Ignoring the pictures, copy the data exactly.

(DATA BELOW begins)

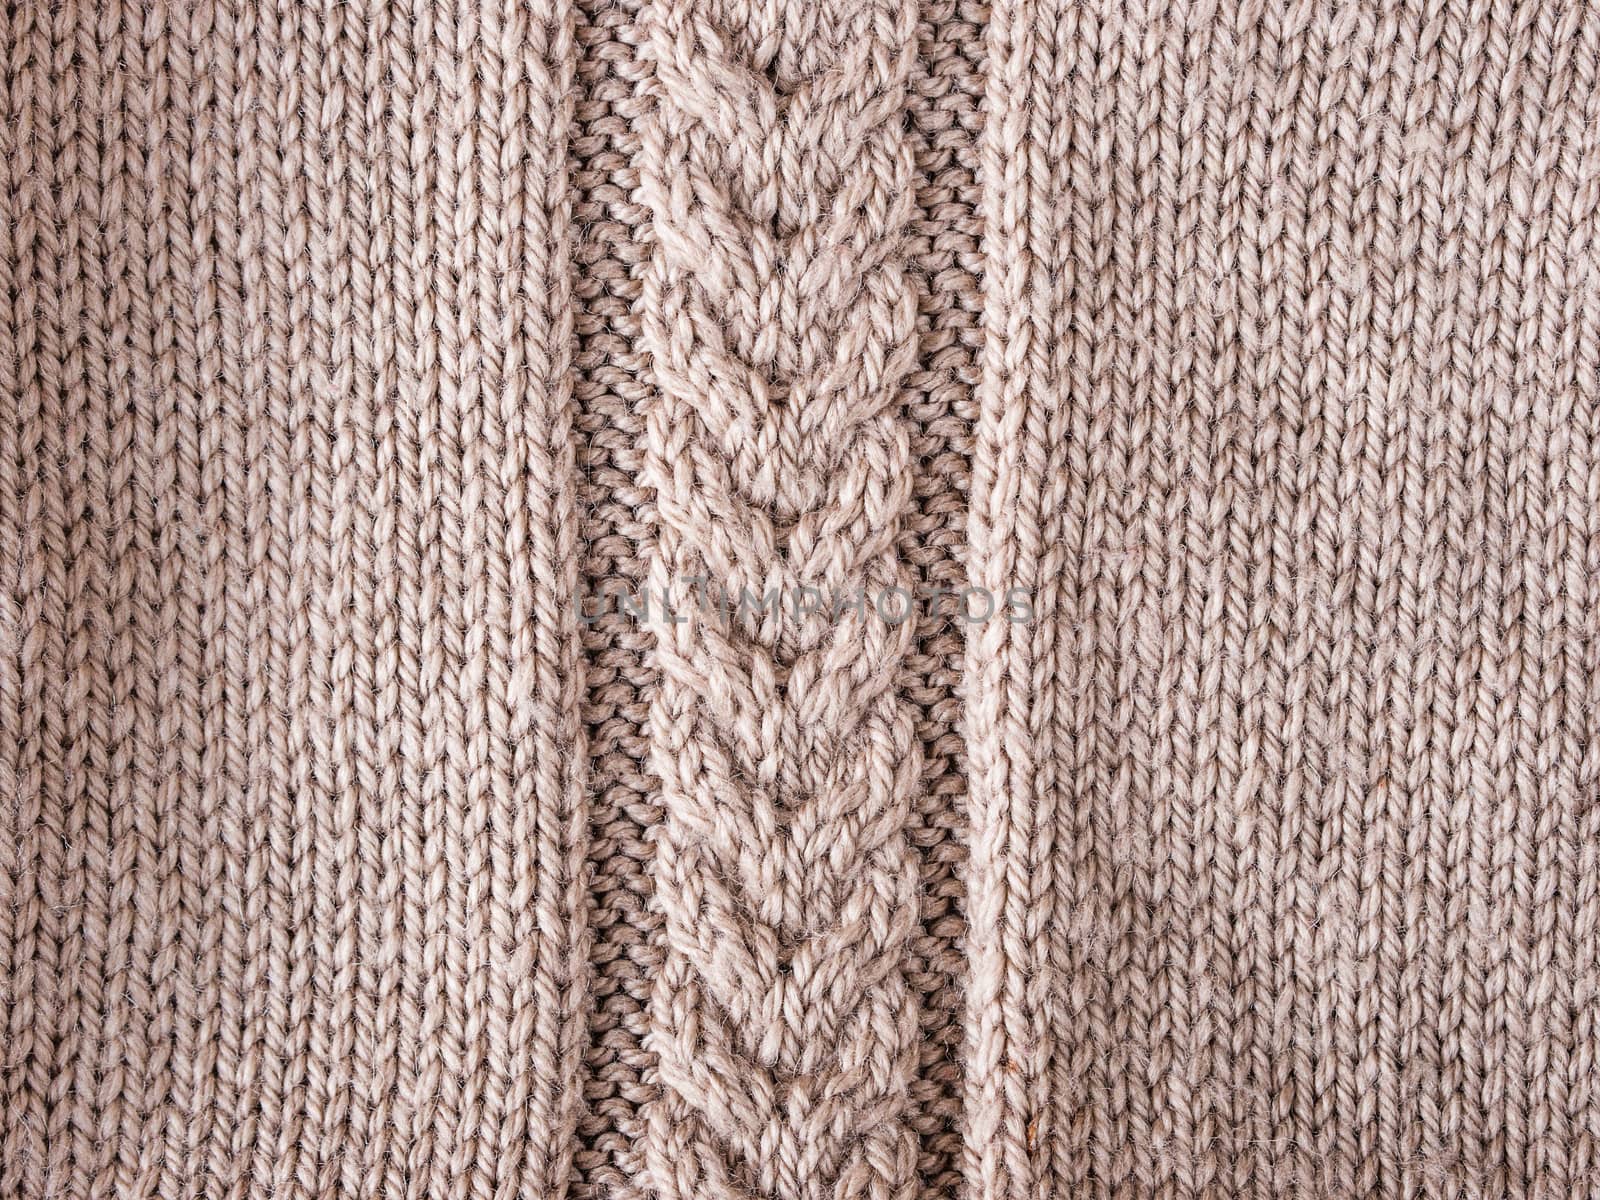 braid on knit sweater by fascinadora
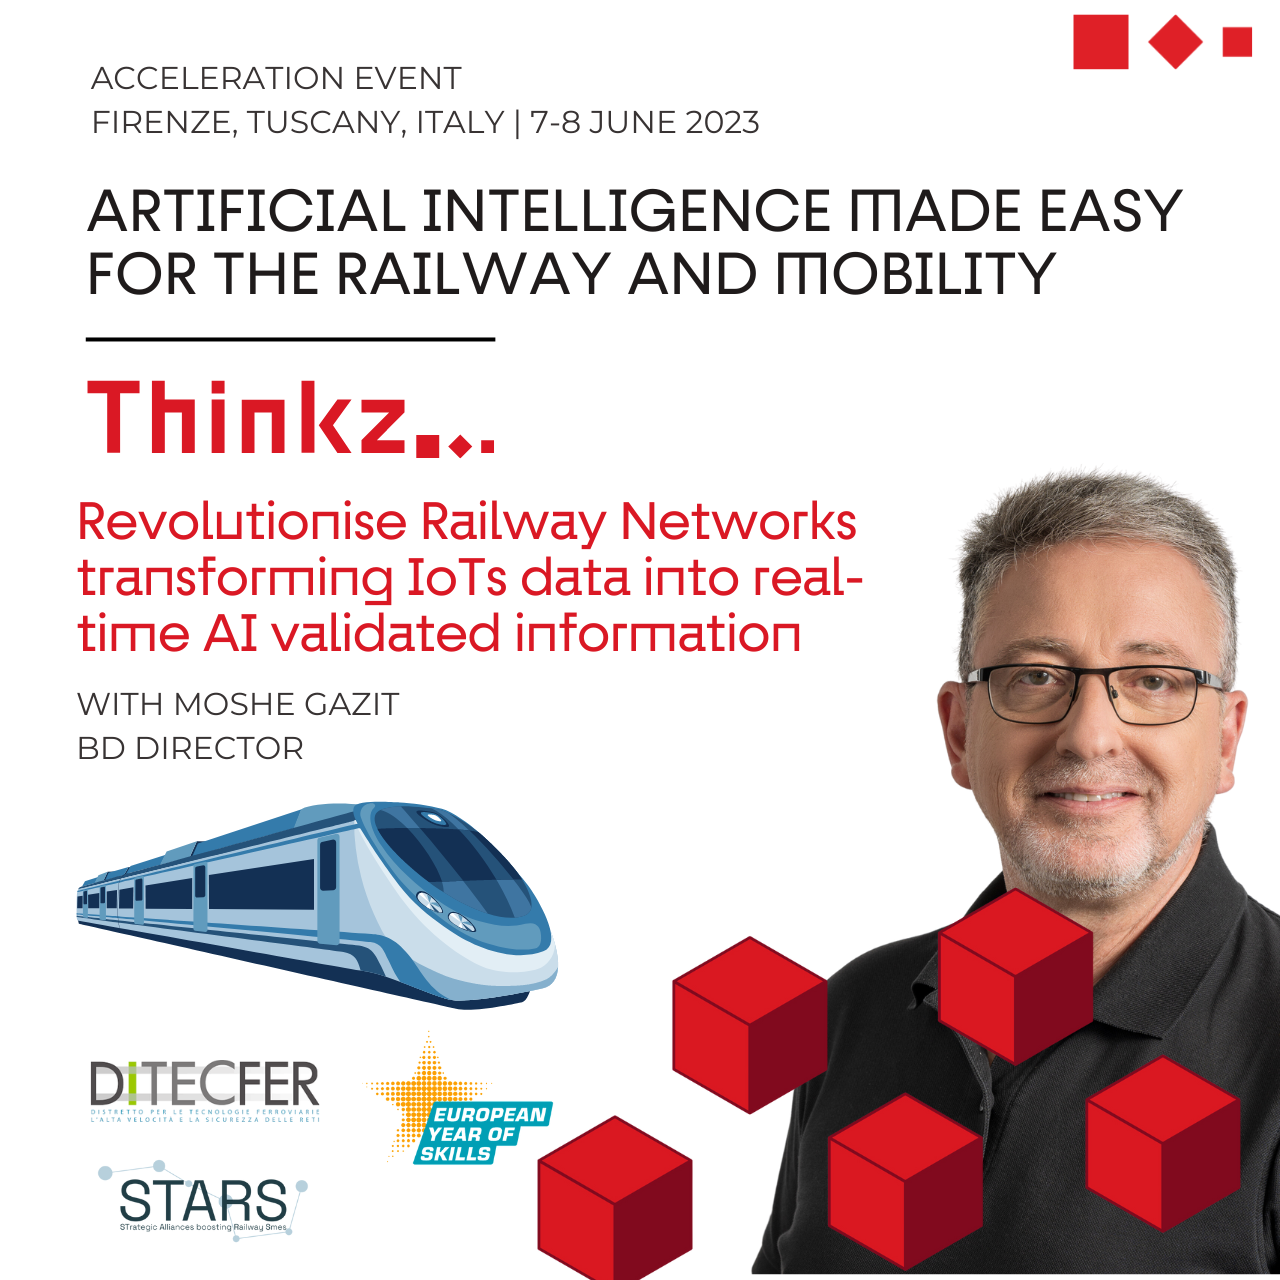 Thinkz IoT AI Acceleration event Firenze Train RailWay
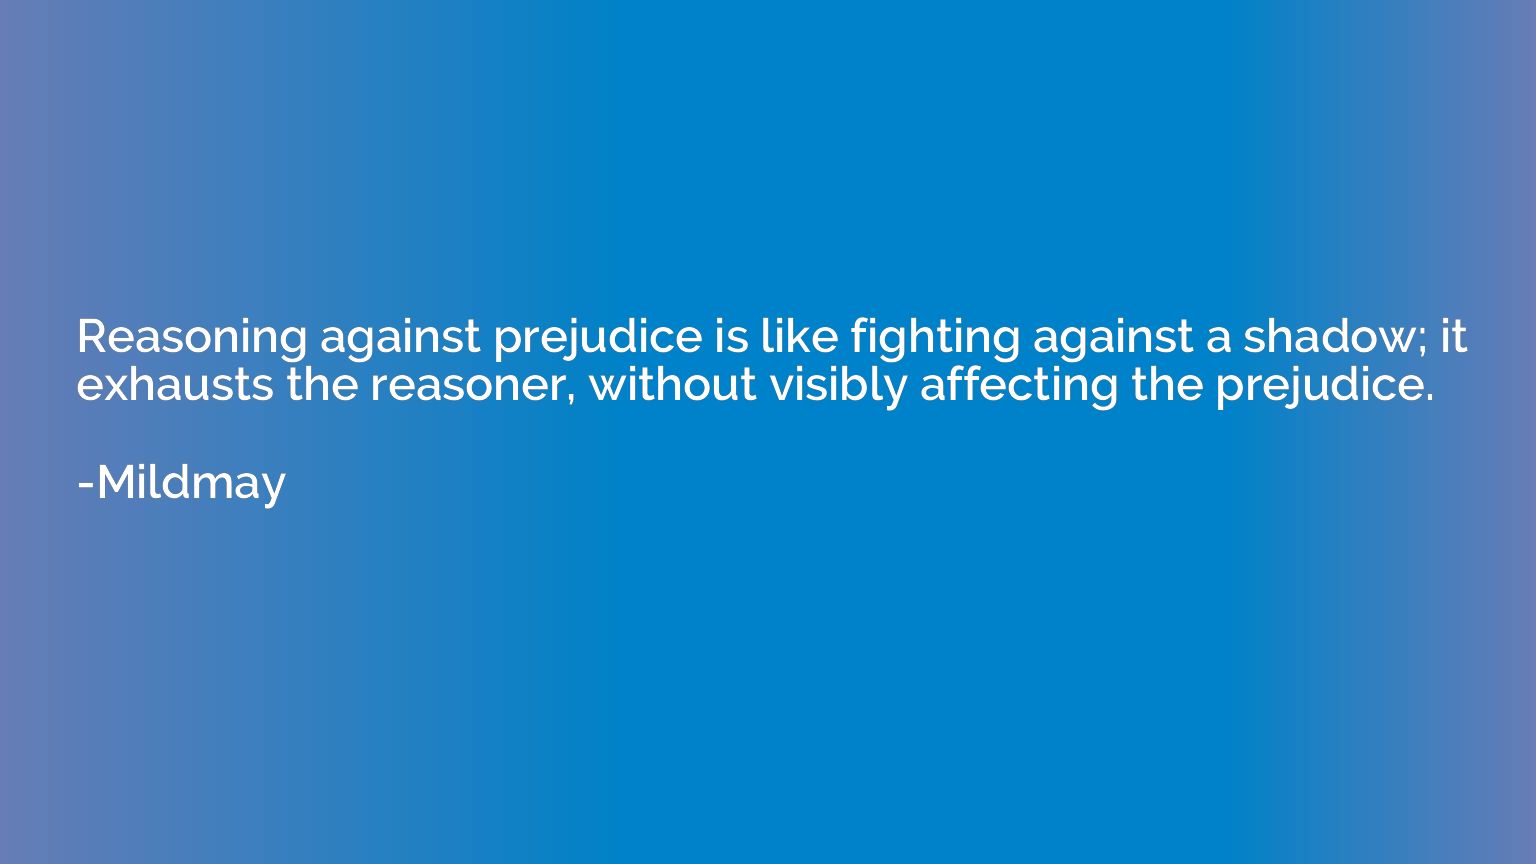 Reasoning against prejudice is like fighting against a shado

(DATA BELOW ends)

**SOLVED EXERCISE:**
 braid on knit sweater by fascinadora
 Thinkz IoT AI Acceleration event Firenze Train RailWay
 Reasoning against prejudice is like fighting against a shado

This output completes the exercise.